# TASK DETAILS:
Everything in the data that follows should be given again verbatim, except the images.

# DATA:
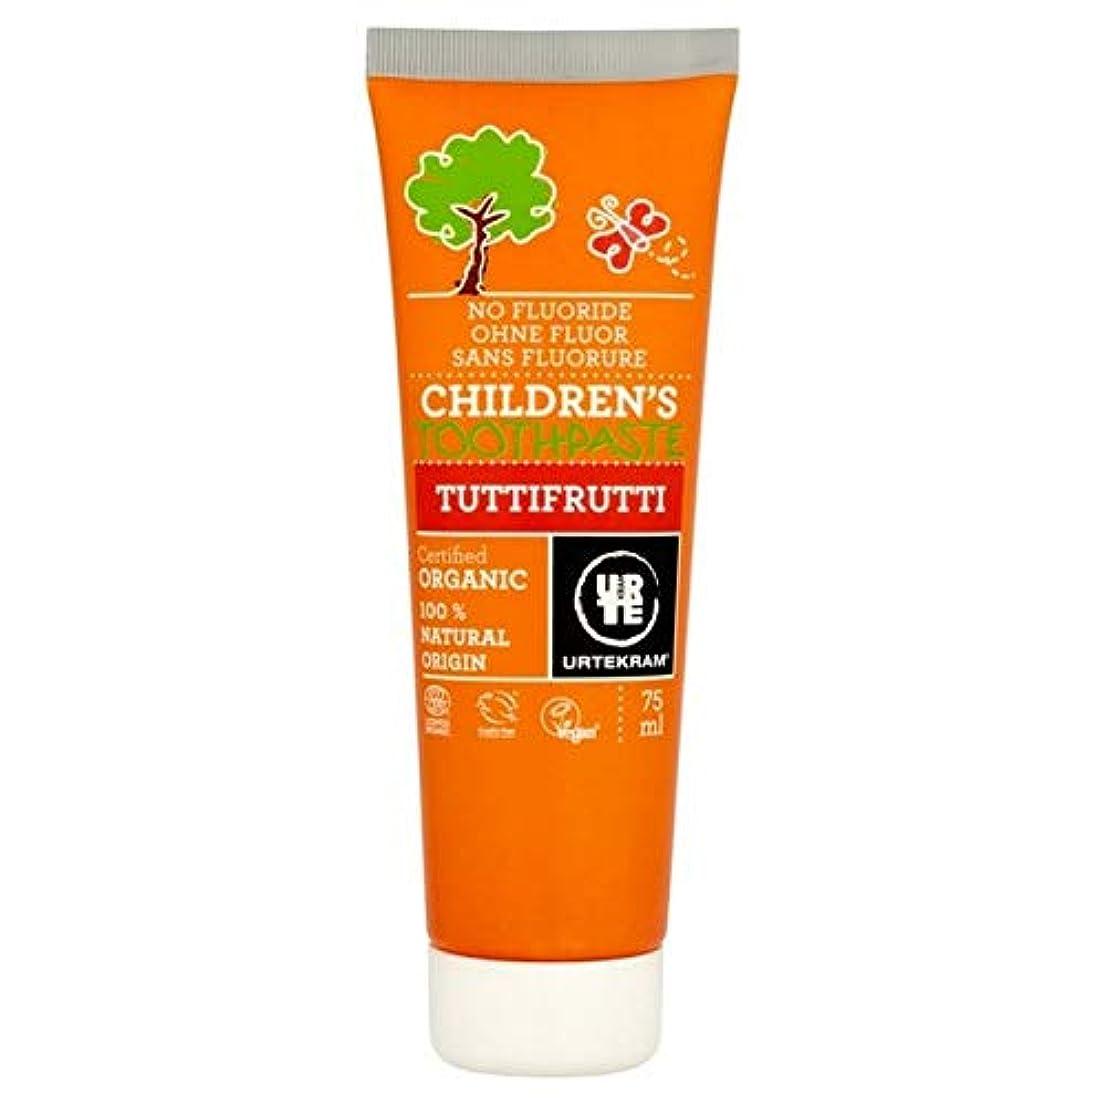 [Urtekram] Urtekram子供のトゥッティフルッティの歯磨き粉75ミリリットル - Urtekram Children's Tutti Frutti Toothpaste 75ml [並行輸入品]
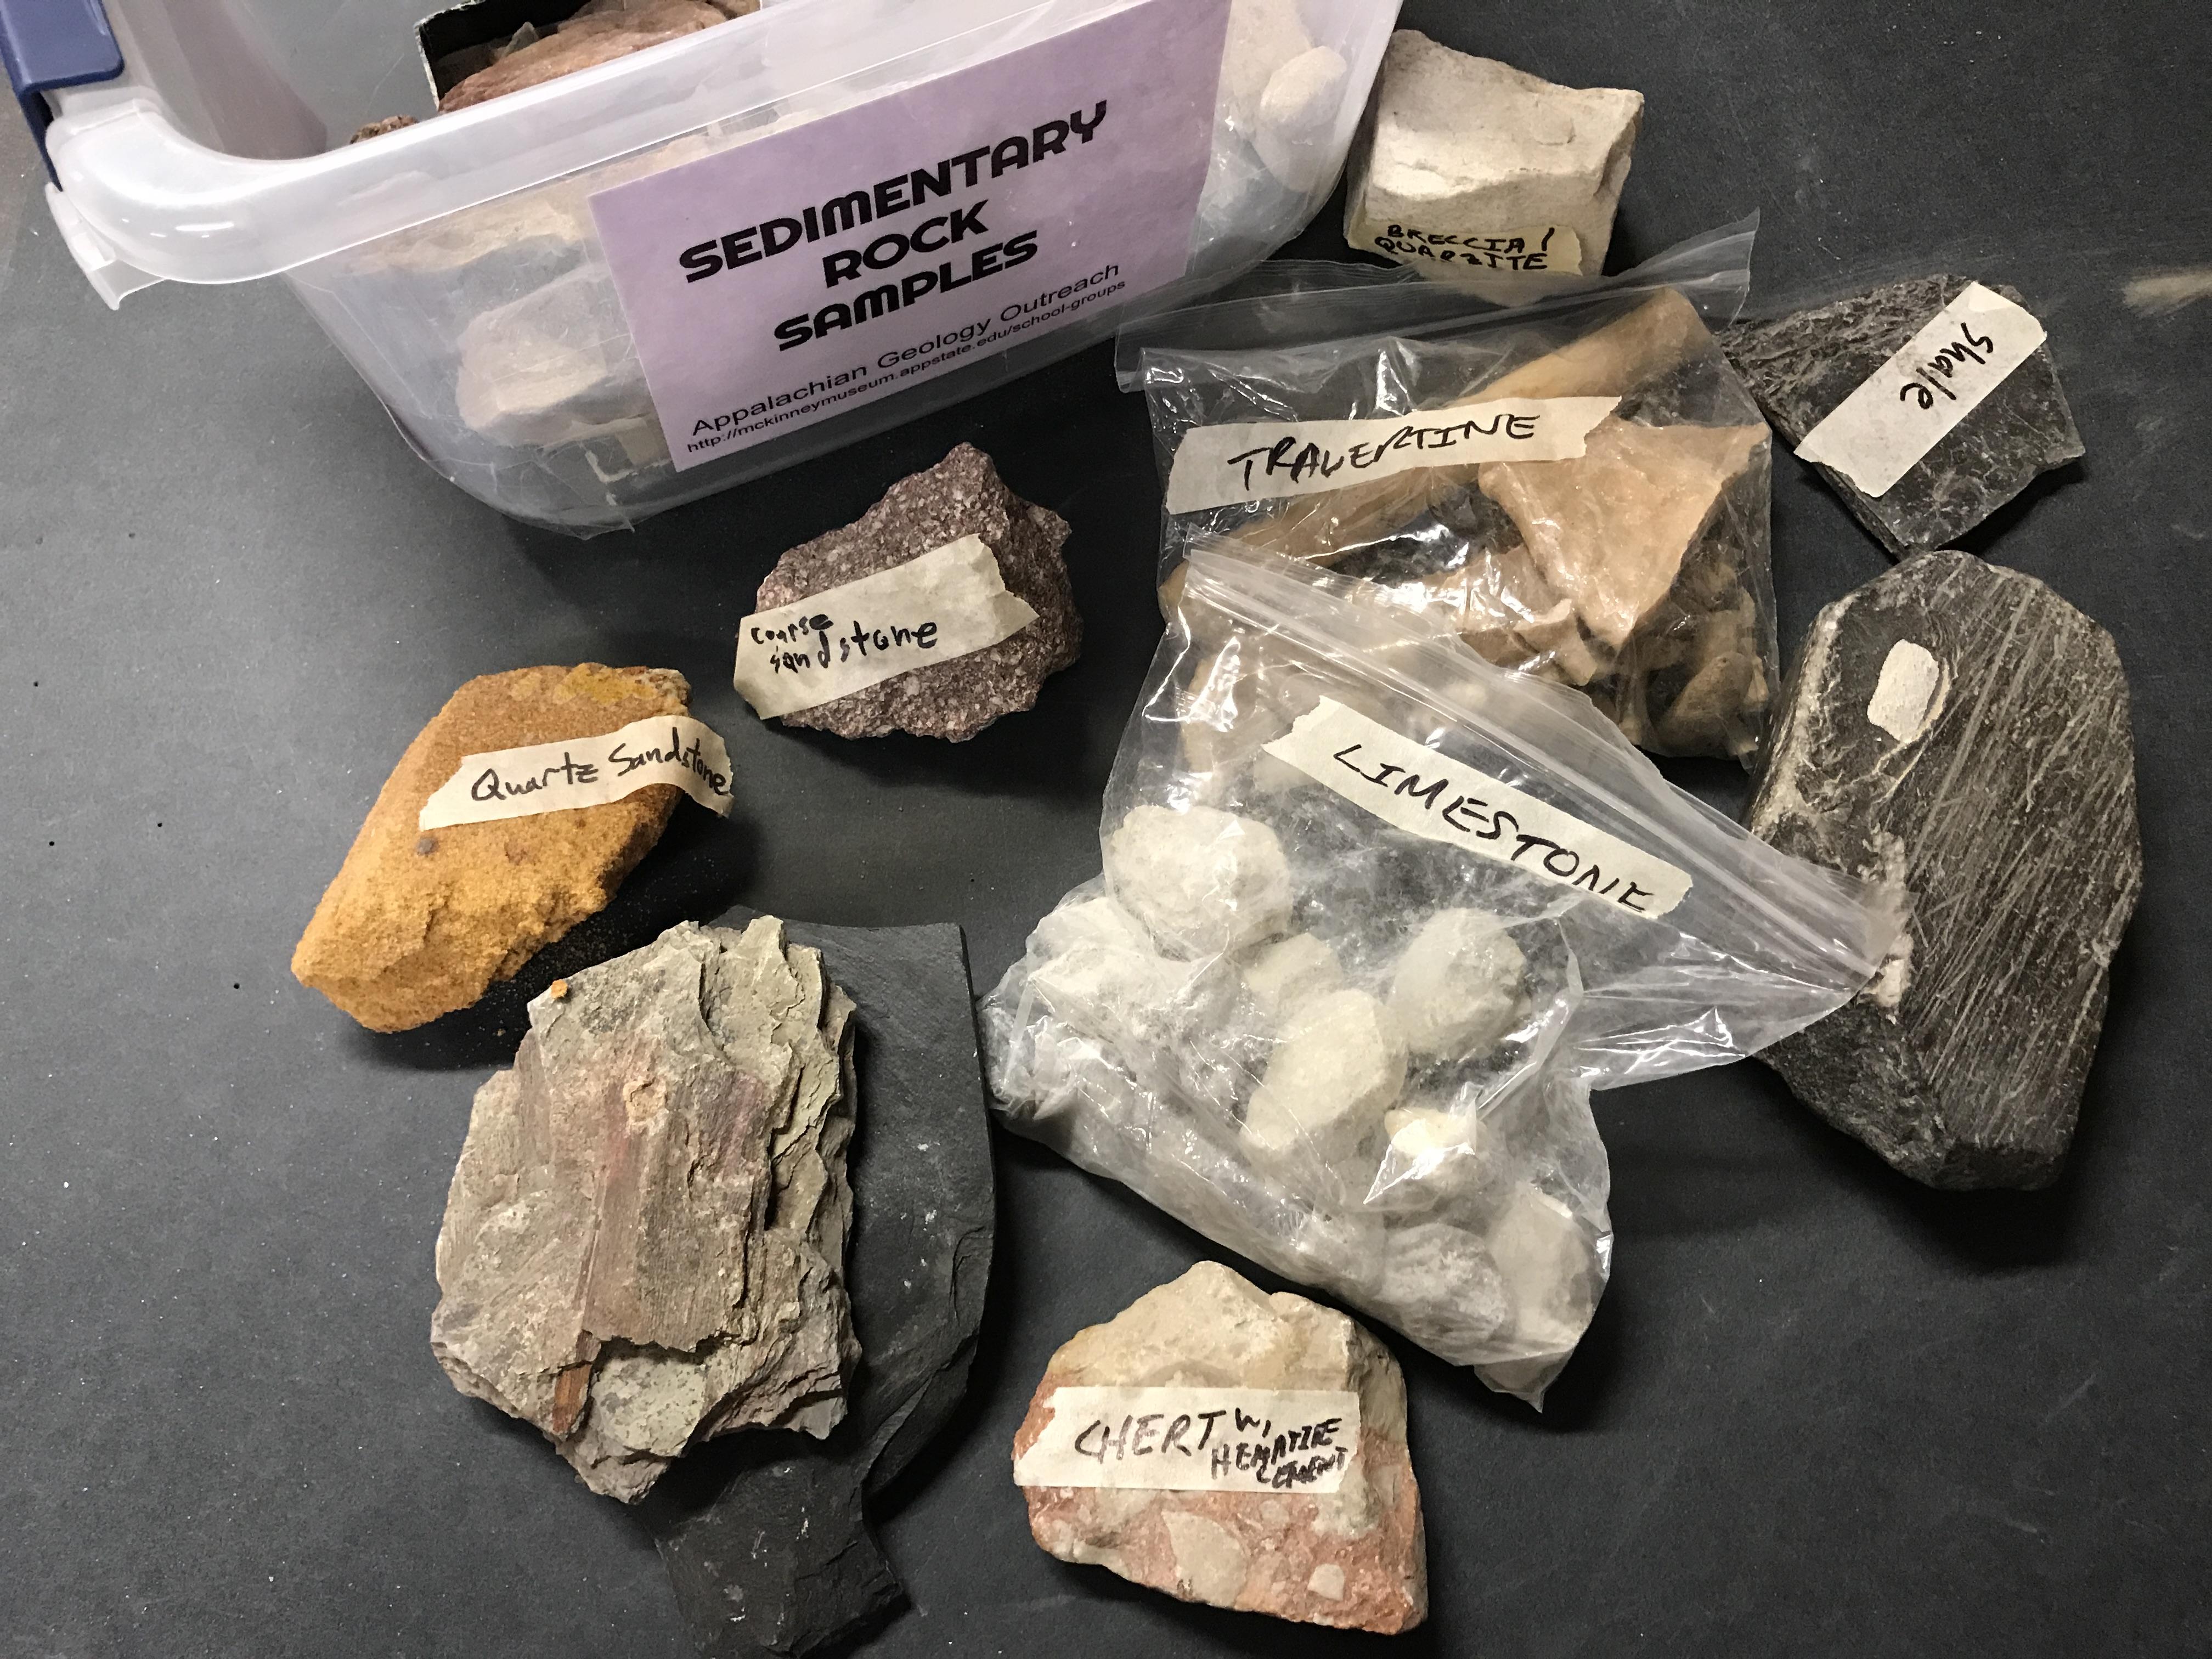 Sedimentary Rock Samples
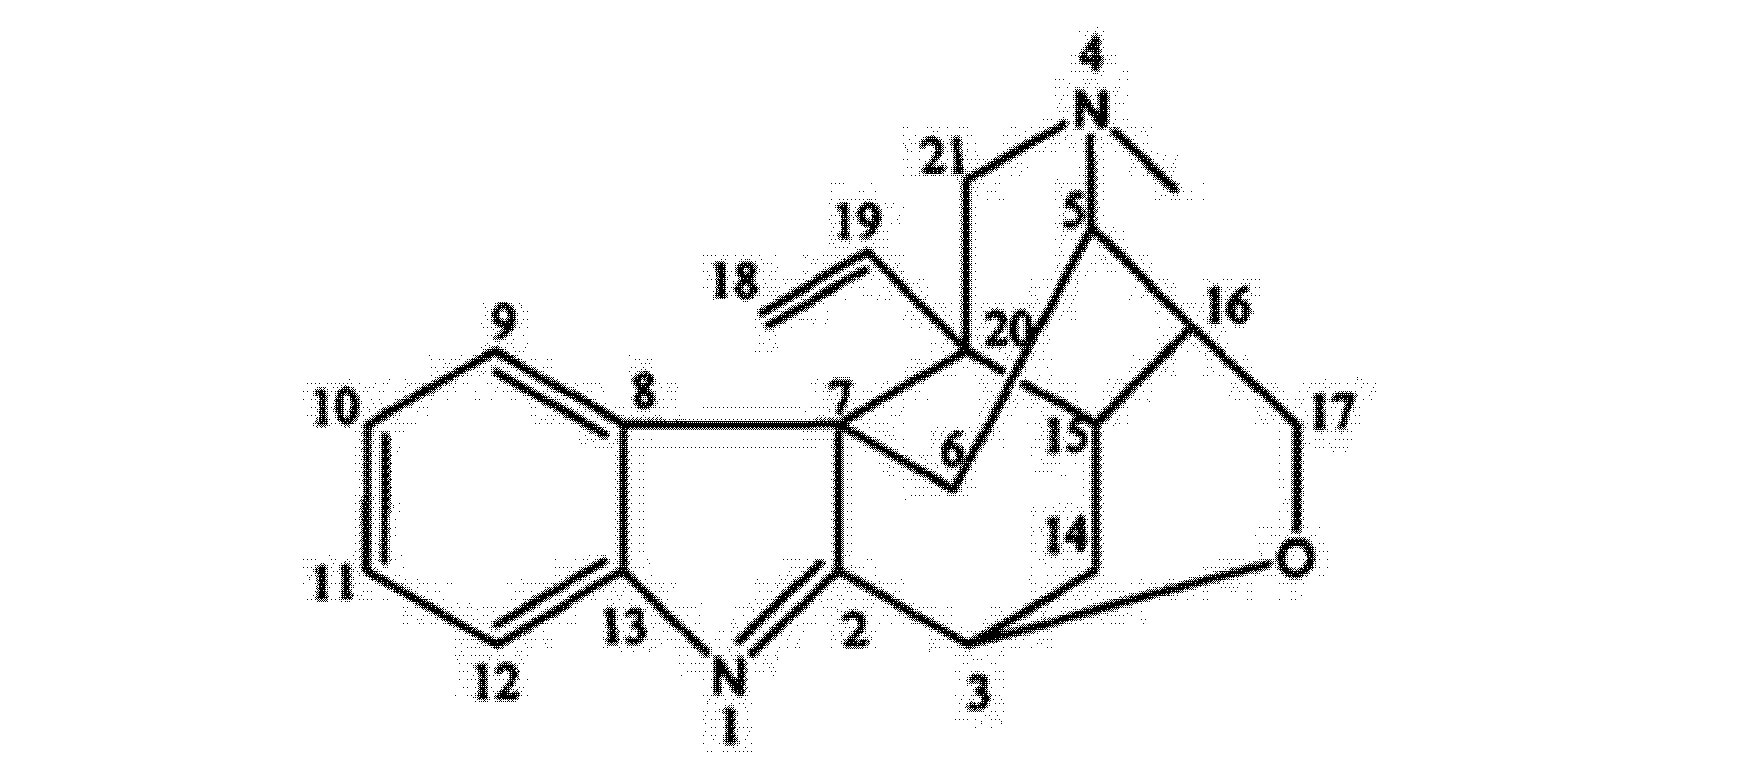 分子式为c2tlh22n2o

# EXERCISE RESULT:
 [Urtekram] Urtekram子供のトゥッティフルッティの歯磨き粉75ミリリットル - Urtekram Children's Tutti Frutti Toothpaste 75ml [並行輸入品]
 Sedimentary Rock Samples
 分子式为c2tlh22n2o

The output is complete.